You will be responsible for providing Observability platform delivery expertise to deliver advisory, design & implementation services that meets our customers business requirements within their overall observability strategy. The role will also involve staying at the forefront of new technologies and new vendors, working within the Enterprise Observability Practice.
Main Responsibilities
- Observability Strategy & Advisory
- Lead discovery workshops to assess observability maturity and define tailored roadmaps aligned to business and IT objectives
- Assess current monitoring and observability maturity for Enterprise Organisations & recommend tooling strategies, often leveraging platforms like Dynatrace for full-stack visibility
- Translate business and technical requirements into actionable observability use cases to support change management and enablement initiatives
- Advise on tools, platforms, and best practices (eg, OpenTelemetry, SIEM vs Observability, Telemetry Management, SRE principles)
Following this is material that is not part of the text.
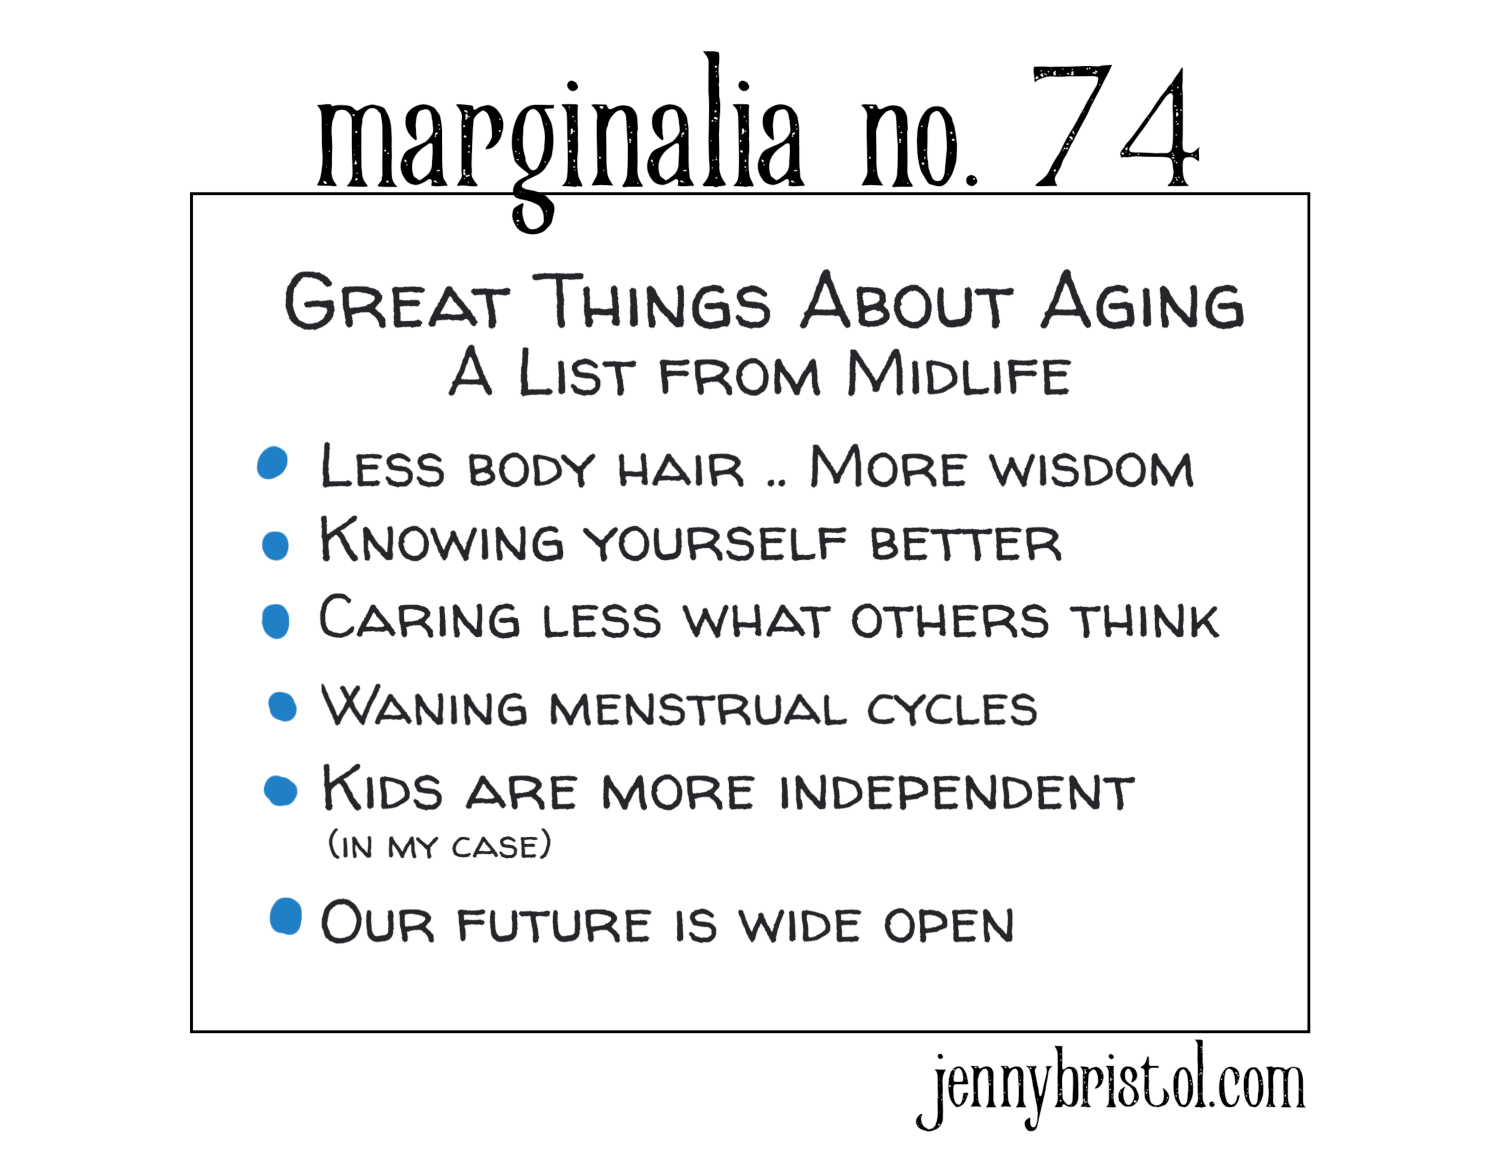 Marginalia No. 74 to post

- Architecture & Solution Design
- Design end-to-end observability architectures, including Logs, metrics, traces, profiles etc., Distributed tracing frameworks/APM tooling, Infrastructure & cloud monitoring, Synthetic and real-user monitoring
- Create telemetry data pipelines and instrumentation strategies
- Ensure scalable, secure, and cost-efficient observability patterns
- Tooling Implementation
- Deploy and configure observability platforms such as Dynatrace, Splunk, Grafana Cloud, Cribl, Elastic
- Implement OpenTelemetry collectors, agents, and SDK instrumentation strategies
- Build dashboards, alerts, and automation workflows
- Integrate Observability platforms with ITSM, AIOps, Event Management platforms
- Troubleshooting & Performance Engineering
- Analyse application, infrastructure, and network performance issues.
- Lead root-cause analysis and performance optimisation initiatives.
- Enable proactive detection through anomaly detection and alert tuning.
Skills Required
- Expertise in observability frameworks, telemetry pipelines, and service mesh integrations.
- Deep understanding of observability pillars: metrics, logs, traces, and user experience.
- Expert Level Familiarity with Products such as Dynatrace, Splunk, Grafana Cloud, Cribl (experience with at least two product sets)
- Strong understanding of Observability platform architecture, including Telemetry Storage, OpenTelemetry support, and cloud integrations.
- Experience with Dynatrace/Splunk/Grafana APIs, tagging strategies, and problem detection workflows.
- Proficiency in Scripting (Python, Bash) and automation tools (Terraform, Ansible).
- Strong stakeholder engagement and communication skills.
- 10+ years in consulting, enterprise design, and implementation roles
Desirable
- Professional Level Certifications in Observability products/OpenTelemetry Associate Certification/Prometheus Associate Certification
- Familiarity with DevOps and Platform engineering ways of working with associated tools (CI/CD, git, automation etc.)
- Working level understanding of Cloud/Cloud Native Observability technologies (AWS CloudWatch, Azure Monitor, eBPF, Prometheus etc.)
- Good understanding of networking principles related to Observability protocols (Syslog, SNMP, OTLP etc.)
- Experience integrating Observability platforms with ITSM and alerting platforms
- Cloud/CNCF certifications